Baby sleep boxes helping moms rest easier
The safe containers greatly reduce infant mortality, experts say.
Denver Public Health hopes to begin soon a campaign distributing free baby sleep boxes across the city, a first, modest step in Colorado to help new parents gain access to a simple tool that health experts say could greatly reduce infant mortality.
The boxes — made of cardboard and decorated with playful, kid-friendly designs — are given to new or expecting mothers. The boxes typically hold diapers, wipes and maybe a set of baby pajamas or a sleep sack. But the most important part is the box itself. Each box also comes with a firm mattress pad that allows the box to be turned into a basic, but safe, bed for infants under about 6 months old.
Kellie Teter, Denver Public Health’s maternal child health manager, said sleeprelated deaths — whether caused by babies sleeping in the same bed as their parents or babies suffocating after rolling into too-soft bedding or pillows — is one of the biggest causes of sudden infant death.
“Baby boxes are a welltested and very safe sleep environment for newborns,” she said.
The boxes have been used with great efficacy in Finland for decades and have recently become part of infant-health campaigns in Canada and the United States.
In Denver on Saturday, the boxes will be given out for free to attendees at the Baby and Kids Experience expo at the National Western Complex. The giveaway is a partnership between the expo and the Baby Box Co., an American company that sells the boxes in the United States and also works with health agencies on free-distribution programs. Those wanting the boxes at the expo must first watch an educational video about how to use them properly.
“We want to make sure people have the right knowledge,” said Holli Snyder, the expo’s executive producer.
There will be 1,000 boxes available at the expo.

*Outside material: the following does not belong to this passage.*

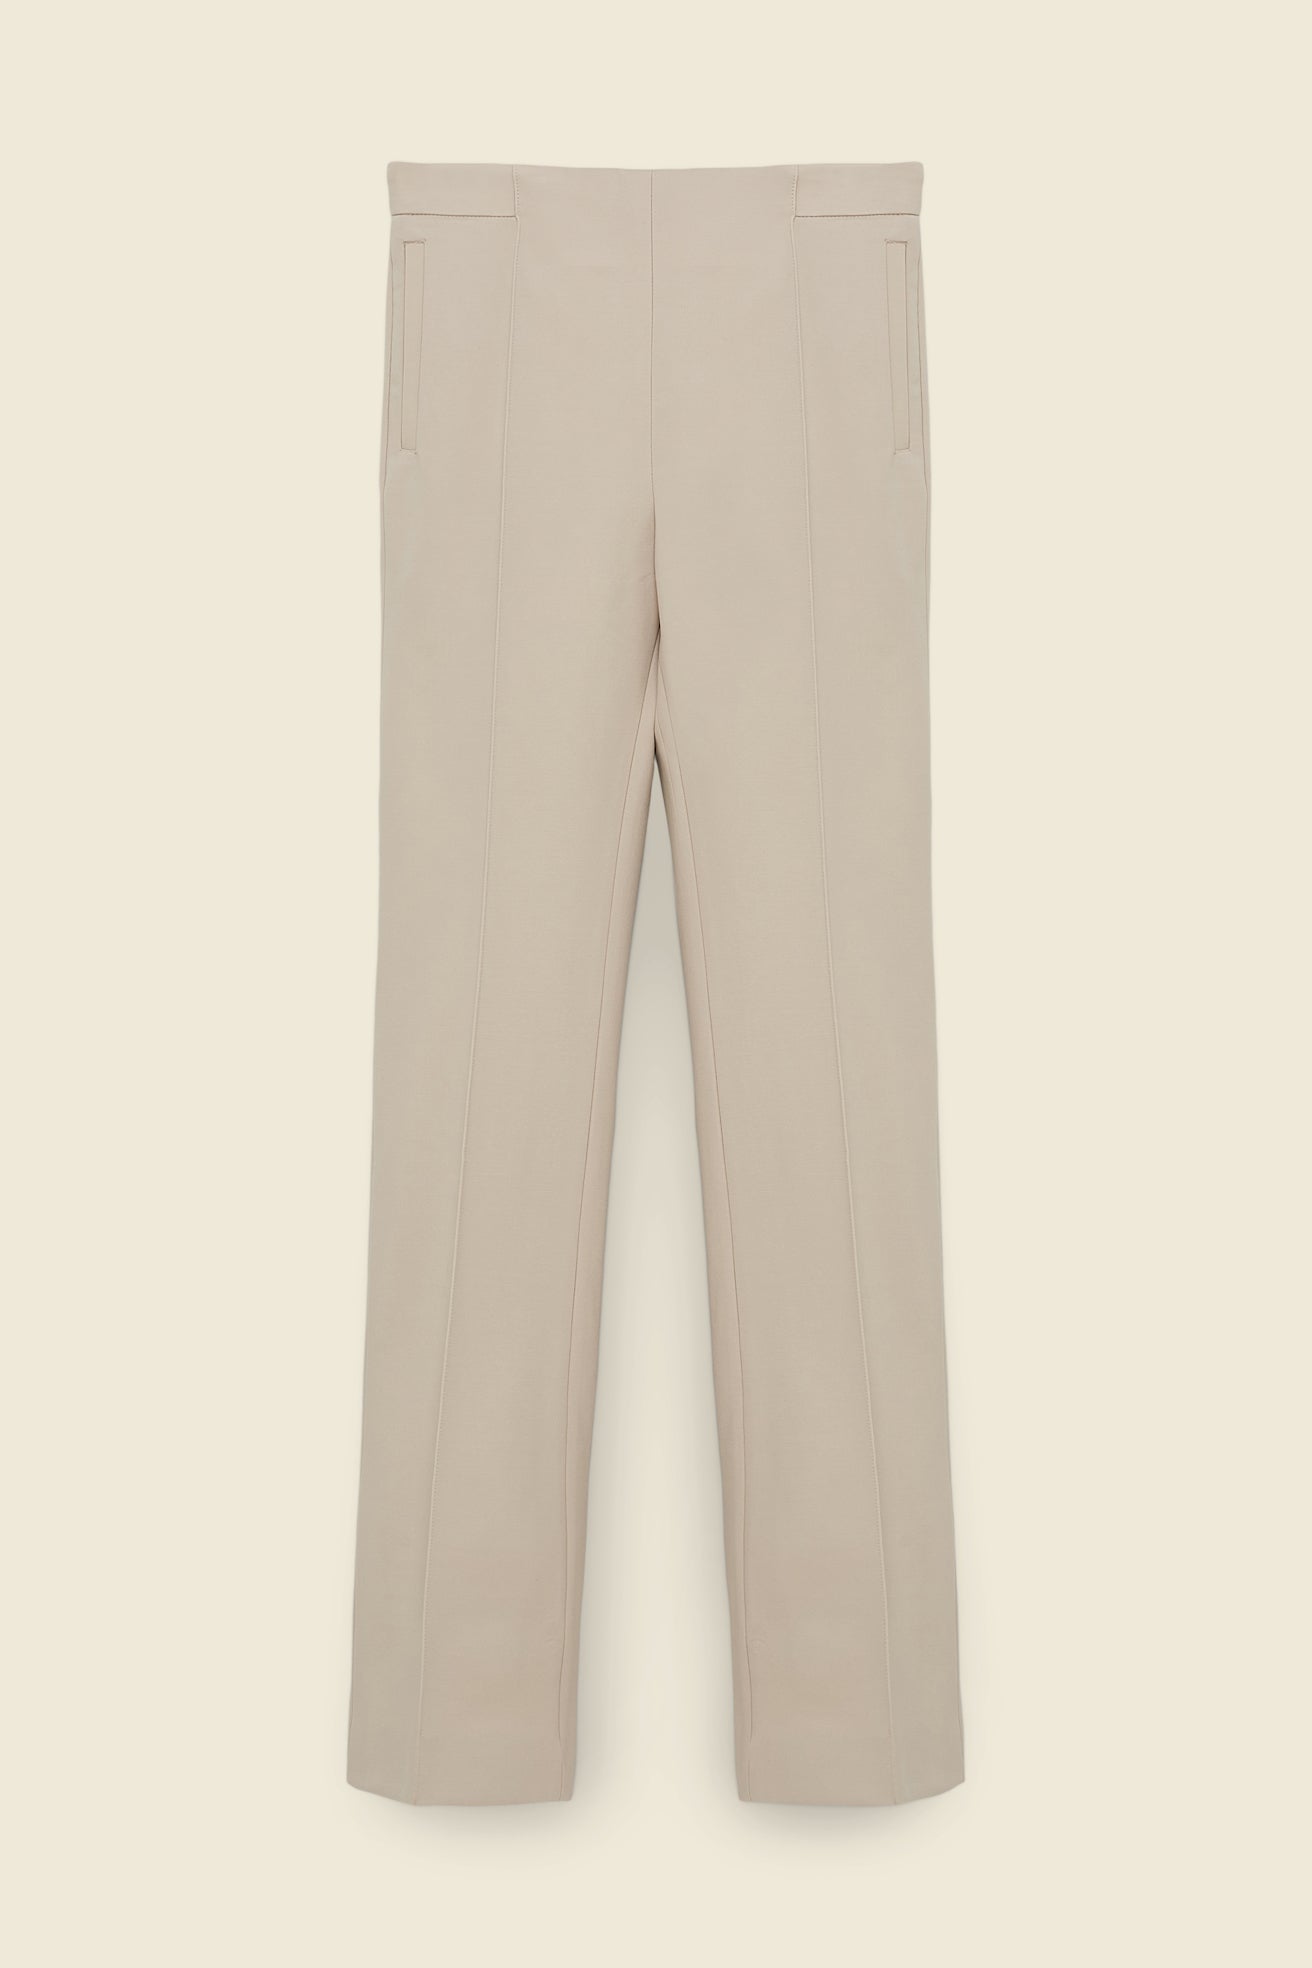 Emotional Pants by Dorothee Schumacher

Those that go undistributed will be donated to Denver Public Health to start its program.
Teter said Denver Public Health will focus its efforts first on distributing boxes to new African-American mothers. In the Denver area, African-American babies are four times more likely to die in infancy than white babies, a disparity that cuts across economic lines. Many of those deaths are related to premature births, she said, but safesleep education for all mothers, regardless of race or class, is important too.
Teter said Denver Public Health hopes that the new program will build momentum for distributing baby boxes to every mother who gives birth in Denver.
“To most people,” she said, “it makes a lot of sense to them.”